Abstract:
The land surface temperature (LST) and land surface emissivity (LSE) derived from the moderate-resolution imaging spectroradiometer (MODIS) data have been widely used for climate monitoring, environmental assessment, and prevention of agricultural disasters. However, their accuracy is insufficient due to the influence of factors such as cloud, aerosol, precipitable water vapor, and mixed pixels. To enhance the inversion accuracy of both LST and LSE, this study proposed a deep learning-based iterative optimization strategy. First, the radiative transfer equation was used for physical logic reasoning to ensure the input and output variables for deep learning meet the parameter inversion theory and judgment conditions. Second, MODTRAN4 was employed to simulate and iteratively optimize the MODIS thermal infrared bands. The feasibility of the optimization was verified, and the optimal band combination was selected. Third, the brightness temperature, LST, and LSE data of five MODIS thermal infrared bands were collected. An iterative fine-tuning strategy was constructed based on the Adam optimizer to gradually optimize the deep learning neural network, thereby obtaining more accurate LST and LSE products.

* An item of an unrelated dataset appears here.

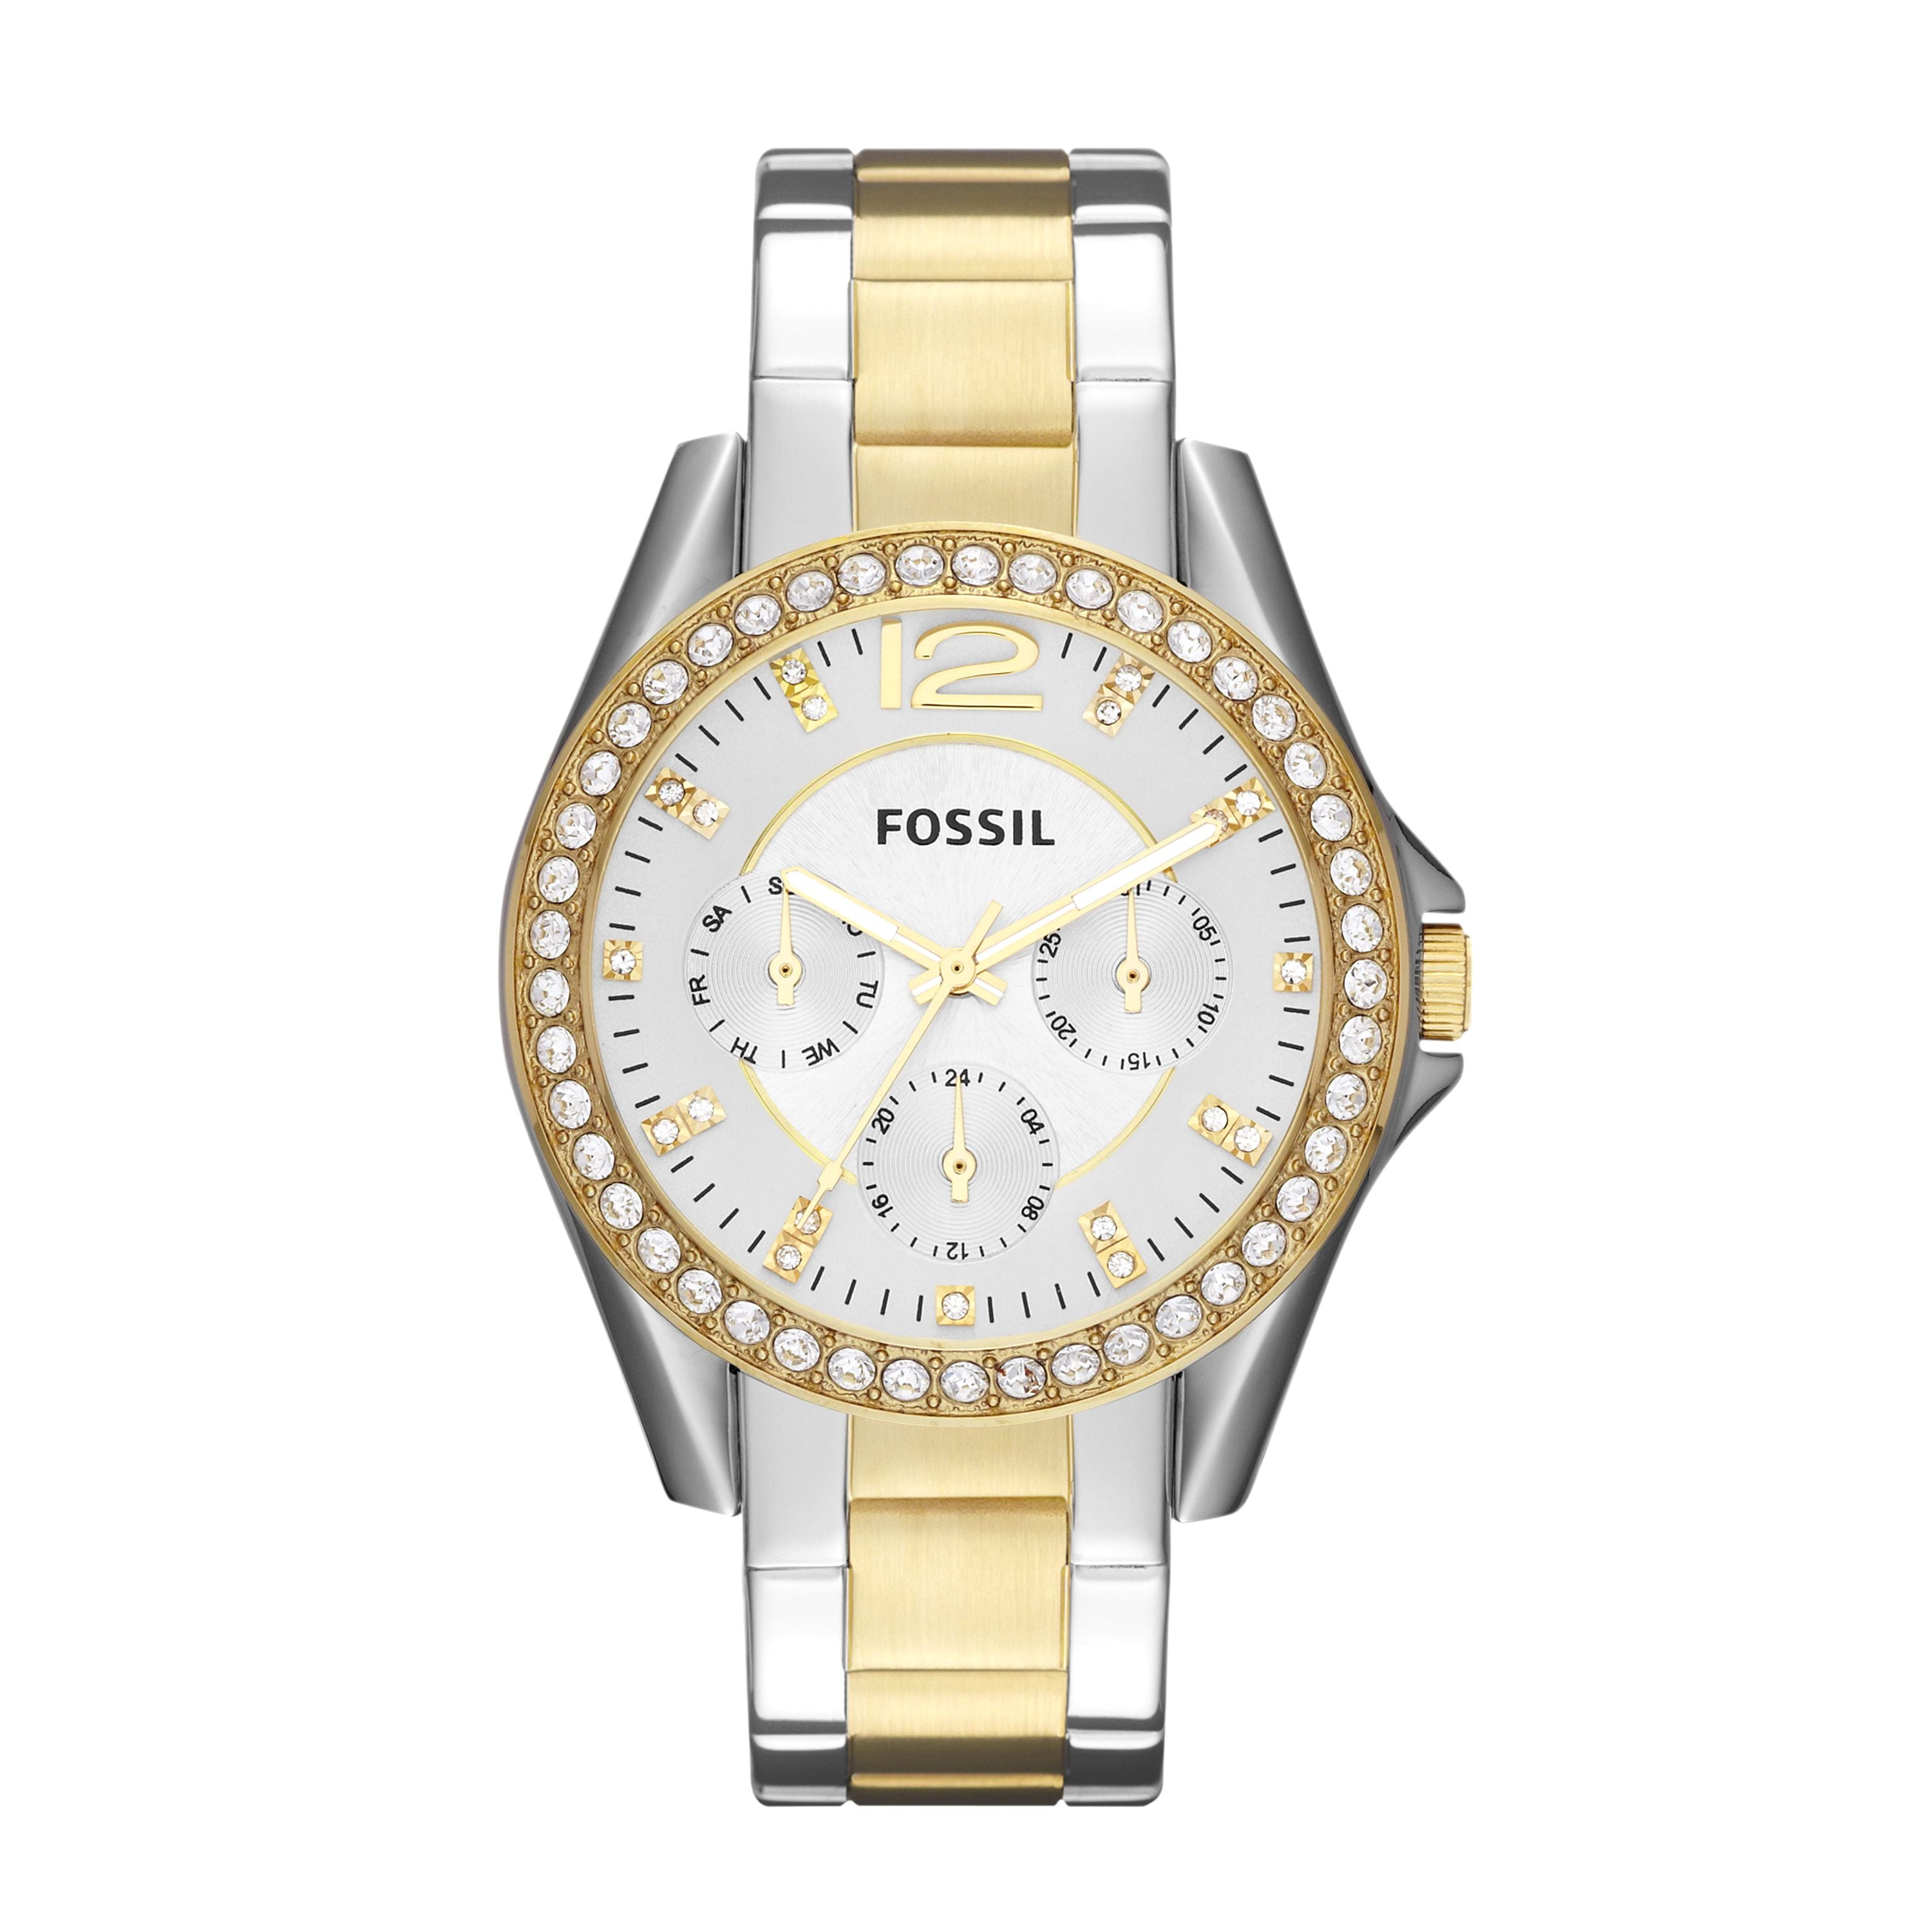 Fossil Women's Multifunction, Rose Gold-Tone Stainless Steel Watch, ES2811 -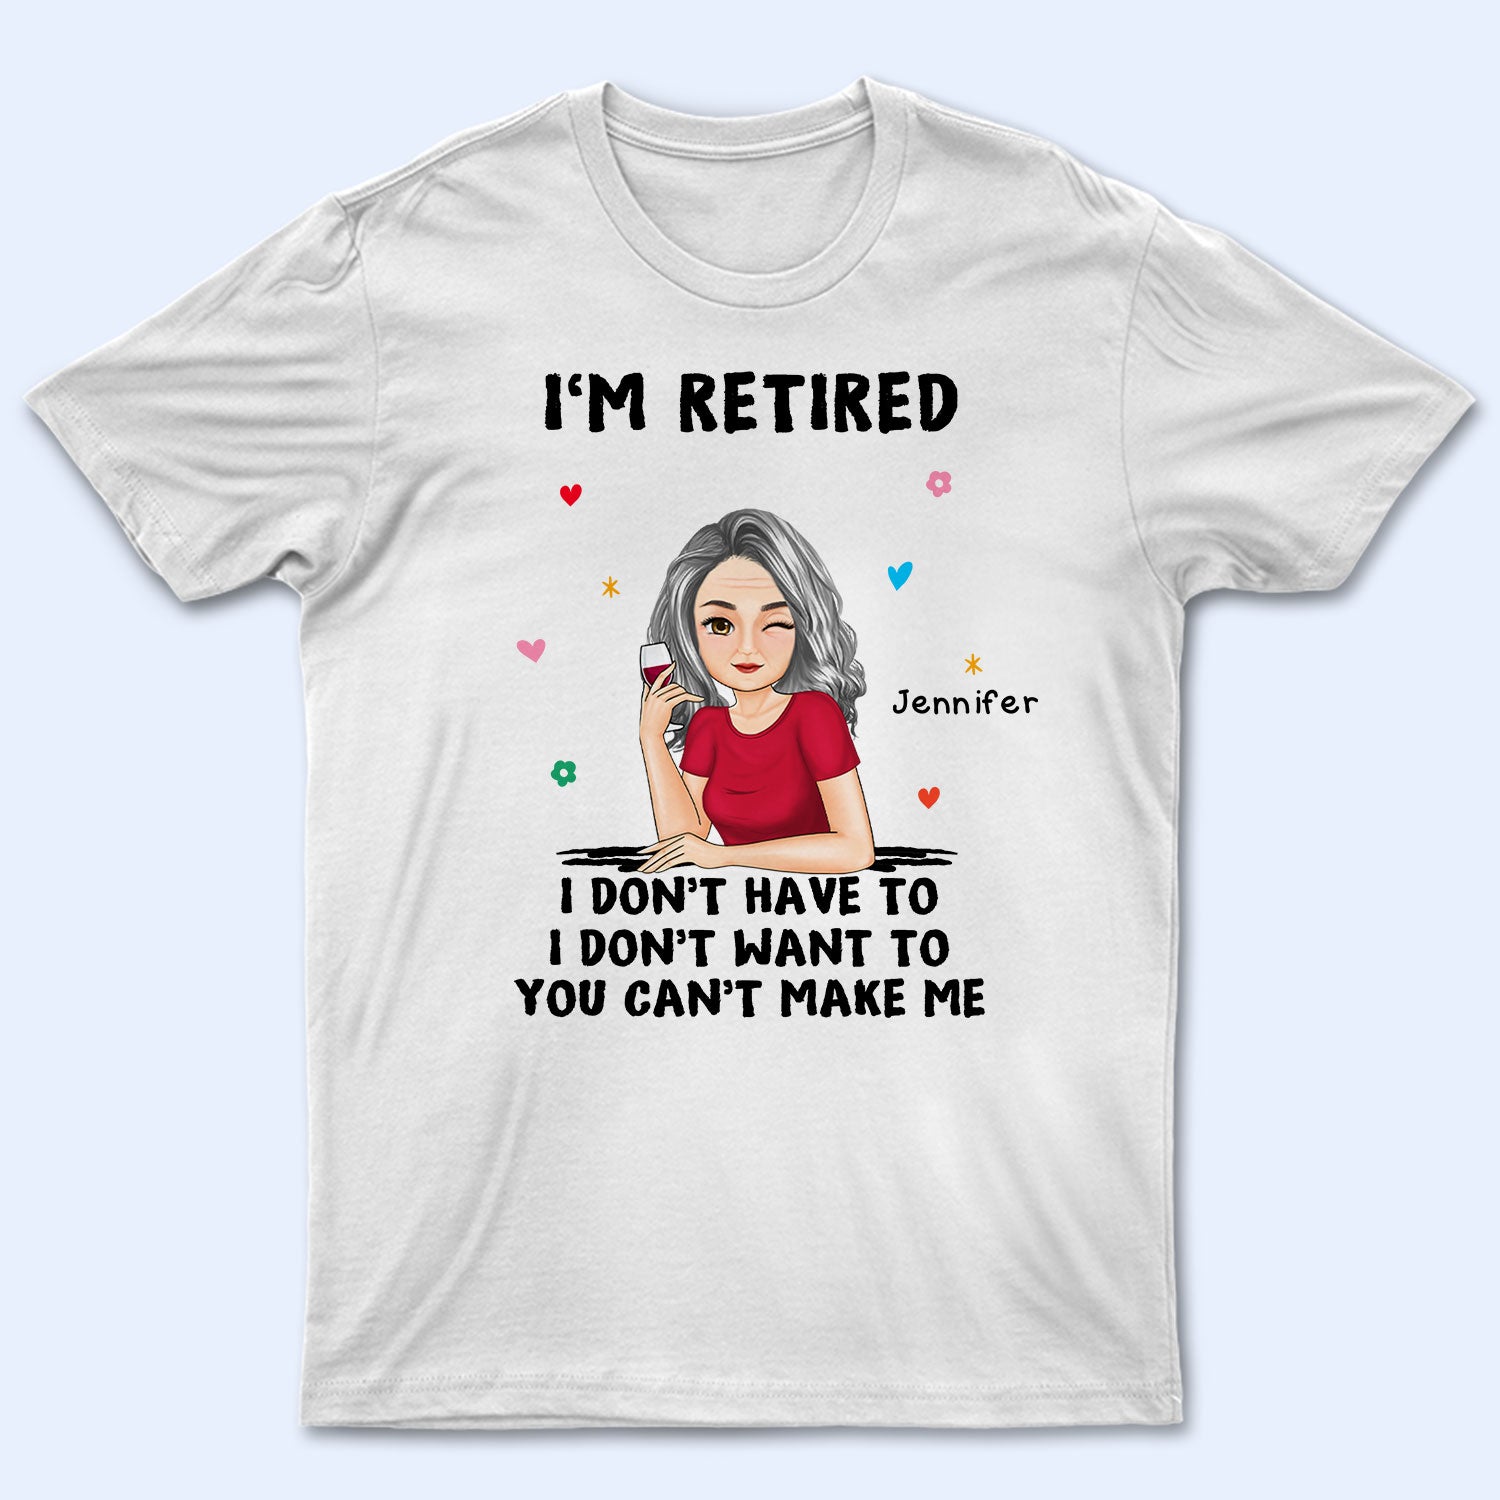 I'm Retired You Can't Make Me - Retirement Gift - Personalized T Shirt

Finally, the optimized network was retrained and applied to the inversion of the MODIS remote sensing data of North America. In the experiments using simulated data, compared to the 4-band combination, the 5-band input for LST inversion led to a mean absolute error (MAE) decreasing from 0.747 5 K to 0.583 5 K and a Pearson correlation coefficient (PCC) increasing from 0.997 7 to 0.998 6. Meanwhile, the LSE inversion accuracy was also significantly enhanced. The optimized disturbance simulation data exhibited a minimal error compared to the actual raw data. The optimization of the actual data shows that through iterative fine-tuning, the LST inversion yielded a
MAE decreasing from 1.823 7 K to 1.154 3 K and a
PCC increasing from 0.980 3 to 0.991 8. Measured data were then introduced to validate the simulation data, with
MAE decreasing from 2.180 4 K to 1.828 0 K and
PCC increasing from 0.913 5 to 0.941 8. These results suggest that the simulation data are more close to actual values, further confirming the optimization effects of the strategy. Overall, this study provides reliable data support for fields such as climate and environment, holding broad application prospects.